So basically the right-wing fear of AmeriCorps is paranoia. A more troubling critique, in my view, comes from the left. Some left-liberals argue that by recruiting hundreds of thousands of young idealists to do community service that is formally insulated from politics, we will frustrate progressive politics for a generation.

I hear that argument, yet I think we need to be careful when we use federal funds for programs that influence young people's thinking about social issues. That's an appropriate goal if it's about authentic learning and deliberation, but it could be distorted by political agendas. AmeriCorps will never become a brown shirt organization, but it could provide patronage or teach members to think narrowly about issues. Out of an abundance of caution, I would favor the existing limits on political action by AmeriCorps volunteers, I would bend over backward to make grants to religious and conservative groups, and I would constantly emphasize that this is not the first step toward mandatory civilian service. (There are philosophical arguments in favor of universal service. The crucial argument against it, in my view, is that it would be extremely costly and difficult to provide millions of high-quality service opportunities; and we could spend those billions better for other purposes.)

Posted by peterlevine at 12:27 PM | Comments (0) | TrackBack

April 24, 2009

the civic opportunity gap

Our main message at CIRCLE is that young people benefit from opportunities to do civic work, but those opportunities (such as discussions of controversial issues, service-learning projects, student governments, youth organizing, youth media, community-based research) are very poorly distributed, so that those youth who need them least--our successful students--are most likely to get them, whereas those who struggle in school (or who attend struggling schools) are very unlikely to receive them.

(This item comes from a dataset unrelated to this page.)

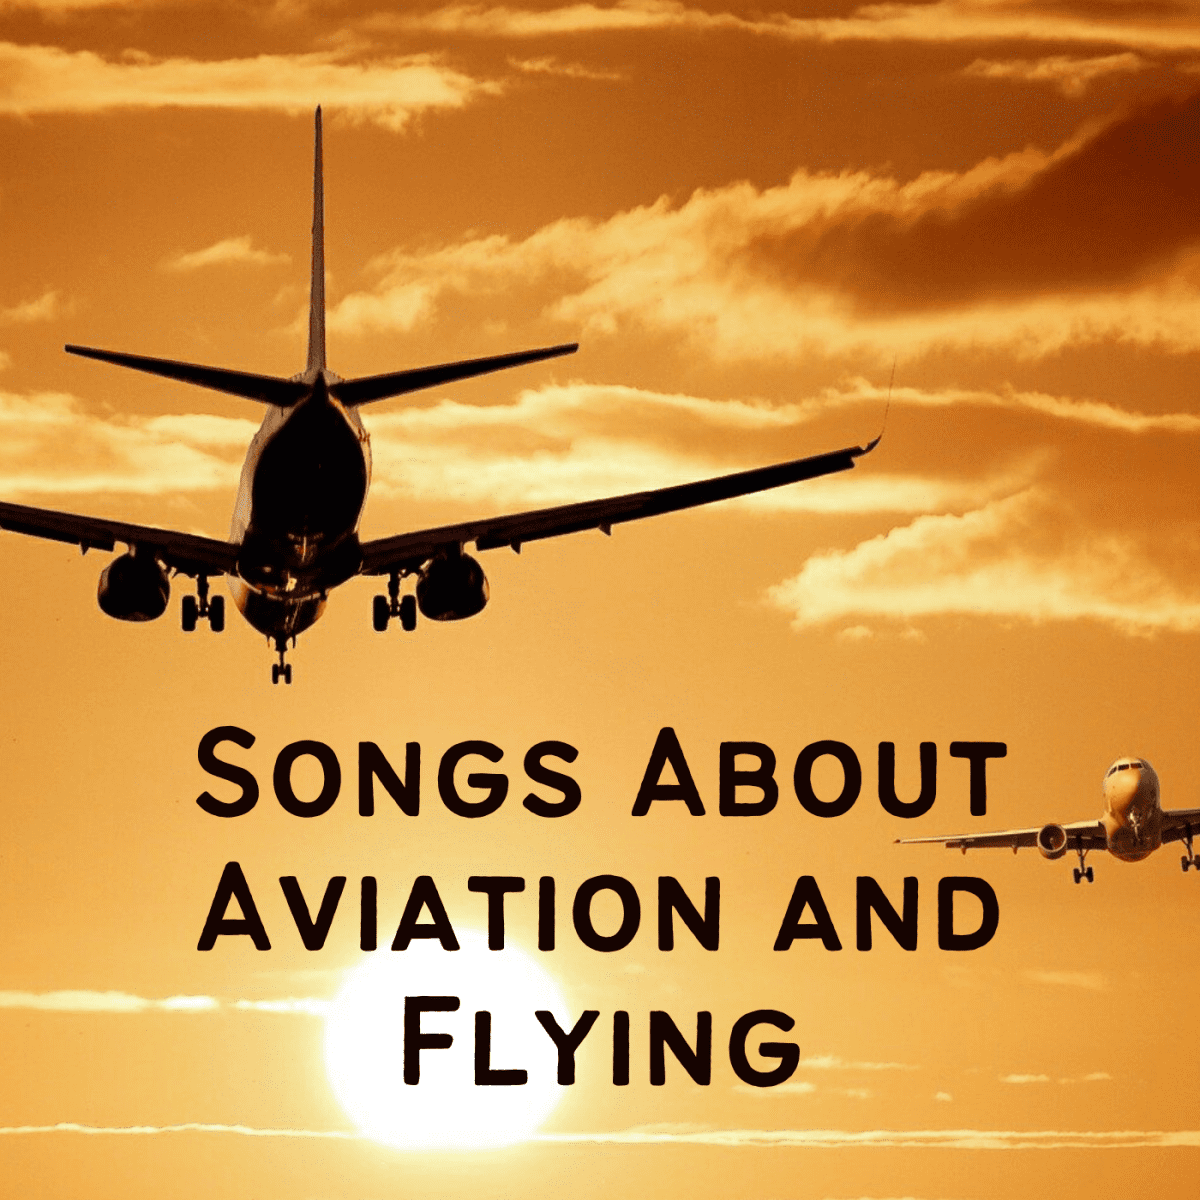 71 Songs About Aviation and Flying - Spinditty

I've got a piece entitled "The Civic Opportunity Gap" in the current issue of Educational Leadership, a magazine aimed mainly at administrators in k-12 schools. Northwest Education published an interview with me under the heading, "Civic Engagement for All." Finally, several of my closest collaborators and I addressed civic equity in a panel at the American Education Research Association conference last week, and Education Week (the main trade journal) chose to cover our discussion. The Ed Week article begins, "The good news, according to researchers presenting findings here last week, is that after waning for years, civic participation among young people appears to be on the rise. The bad news is that students who are members of racial or ethnic minorities, who live in poor neighborhoods, or who are tracked into low-achieving classes get fewer opportunities to exercise their civic muscles than their better-off peers."

Posted by peterlevine at 9:07 AM | Comments (0) | TrackBack

April 23, 2009

youth volunteering down, but Kennedy Serve America bill may help

Our new study of youth volunteering rates is getting a lot of coverage. Martha Irvine's Associated Press story has apparently been picked up by 1,300 outlets, and I did a national CBS radio news interview early this morning. Irvine puts the story well:

Posted by peterlevine at 4:32 PM | Comments (0) | TrackBack

April 22, 2009

AmeriCorps triples

Yesterday, the President signed the Edward M. Kennedy Serve America Act at a ceremony in a Washington, DC charter school that has reclaimed a violence-ridden block. The Act will triple the size of AmeriCorps (if Congress appropriates adequate funds) and will direct the corps members to work on major national challenges: the high school dropout rate, energy conservation, and health disparities. Today's coverage of the bill and the signing ceremony--predictably--concentrates on the personal interactions among Obama, the eponymous Senator Kennedy, and President Clinton, who planted a tree as part of the day's events. There's also some coverage of Michelle Obama's background as an AmeriCorps grantee, which is appropriate. I would have liked (but didn't expect) a little more discussion of what "service" is, how it is changing, and what it can accomplish or not accomplish.

Note that the president naturally shifts from talking about direct service to themes of justice, organizing, and social change. In the campaign, he used the phrase "service and active citizenship"; and yesterday he said:

"Service" sometimes means serving soup to homeless people or cleaning up a stream--valuable but limited activities. The president talks instead about working with diverse people to address really serious, core problems, such as urban poverty--and to build institutions, such as the SEED charter school. The Act favors such activities, but the AmeriCorps programs will have to change to encourage real public work, planning, learning, and deliberation. The default will be lots of new miscellaneous and temporary positions that provide direct human services. I don't think anyone inside the modern "service" movement would be satisfied with the default, but we will have to work to avoid it.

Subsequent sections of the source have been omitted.